Ten State University Systems Sign Contracts with Coursera for MOOC Development Services!

Dear Commons Community,

The Chronicle of Higher Education is reporting that Coursera, the Silicon Valley-based provider of massive open online courses, announced a series of deals with state universities to provide MOOC development services.

Under the new deals, Coursera is recasting itself as a platform for credit-bearing courses that would be offered to students enrolled at multiple campuses within a public-university system.

The deals mark a shift for Coursera, which until now has focused on making free, online versions of courses taught by professors at elite colleges.

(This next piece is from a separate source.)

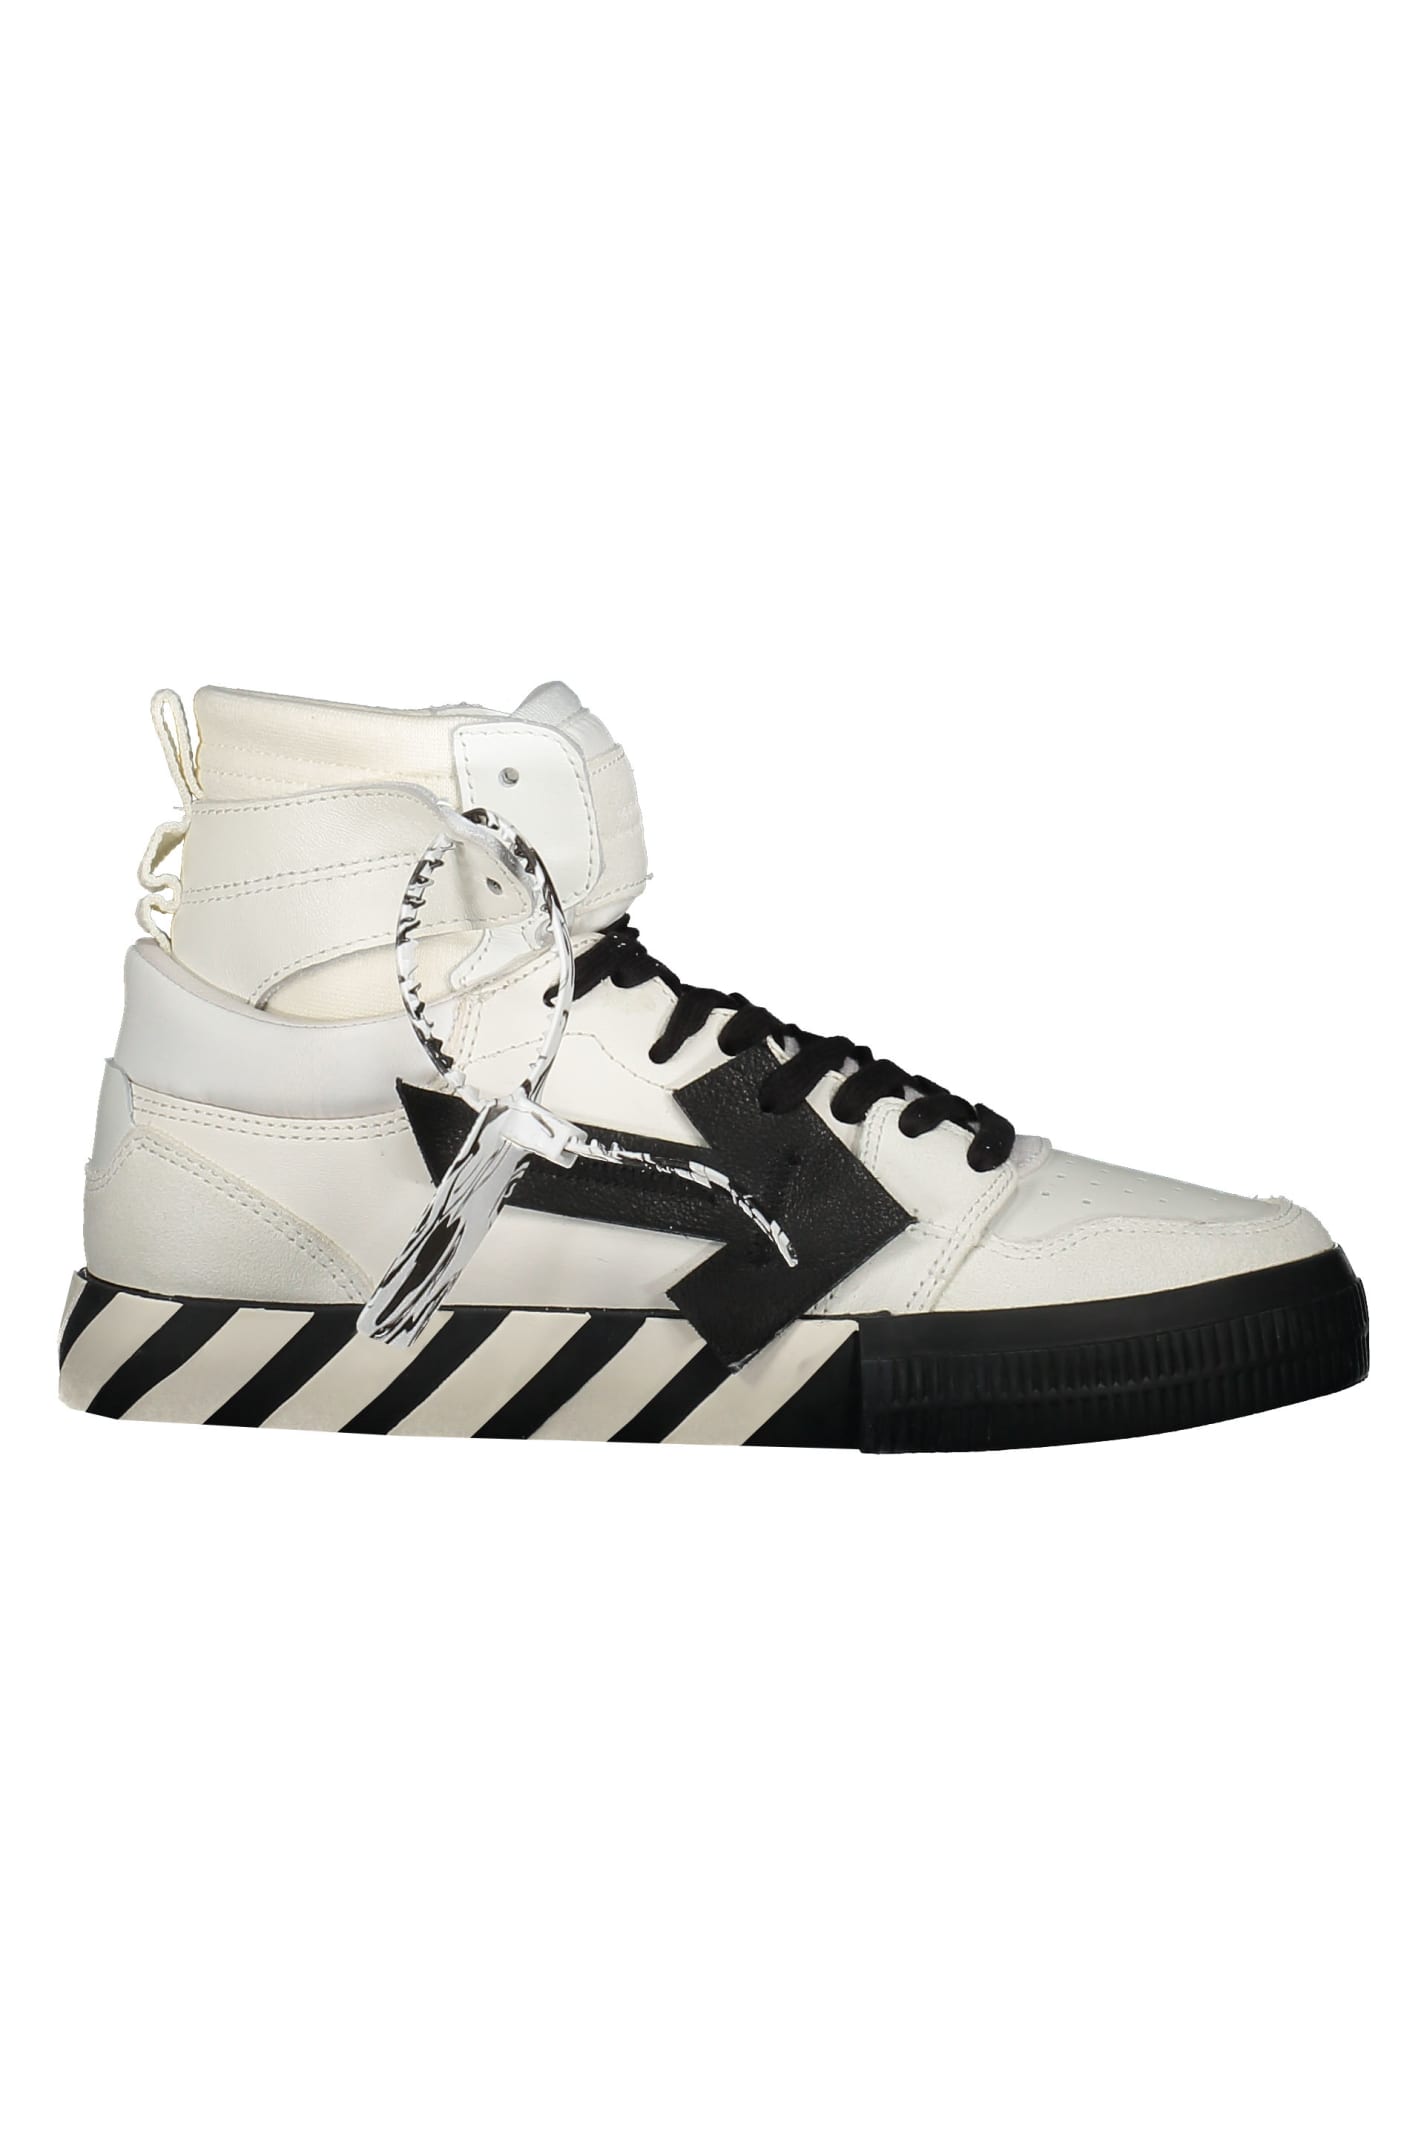 Shop Off-White Vulcanized High-Top Leather Sneakers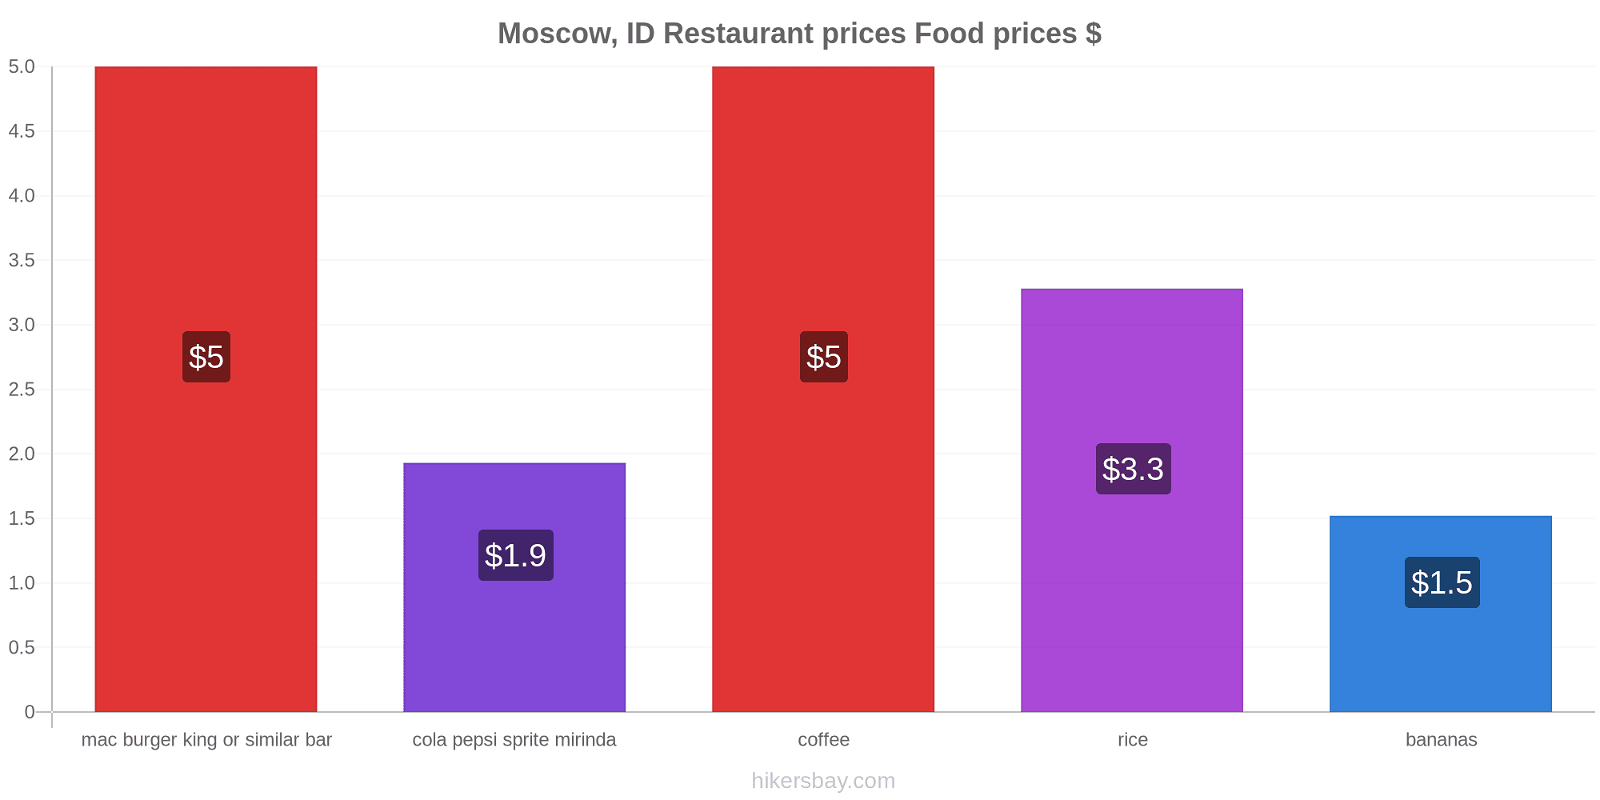 Moscow, ID price changes hikersbay.com

The company’s new partners are the State University of New York system, the Tennessee Board of Regents and the University of Tennessee systems, the University of Colorado system, the University of Houston system, the University of Kentucky, the University of Nebraska system, the University of New Mexico system, the University System of Georgia, and West Virginia University.

The Chronicle obtained a copy of Coursera’s contract with the University of Kentucky, and the document provides details on how the partnerships might work.

“The document differs substantially from the ones Coursera signed with its early university partners. Those contracts focused on the dynamics of producing and collecting revenue from MOOCs open to the public.

The Kentucky contract deals with additional kinds of collaboration. For example, the document outlines how the university would administer “guided” or “adopted” courses—courses that are developed, either by Kentucky or another Coursera partner, for use by students at the university. It also addresses how the university and the company would go about licensing Kentucky’s Coursera courses to other colleges, and how they would divide revenue generated by any of those courses.”

This has to be considered a major step forward in the MOOC movement.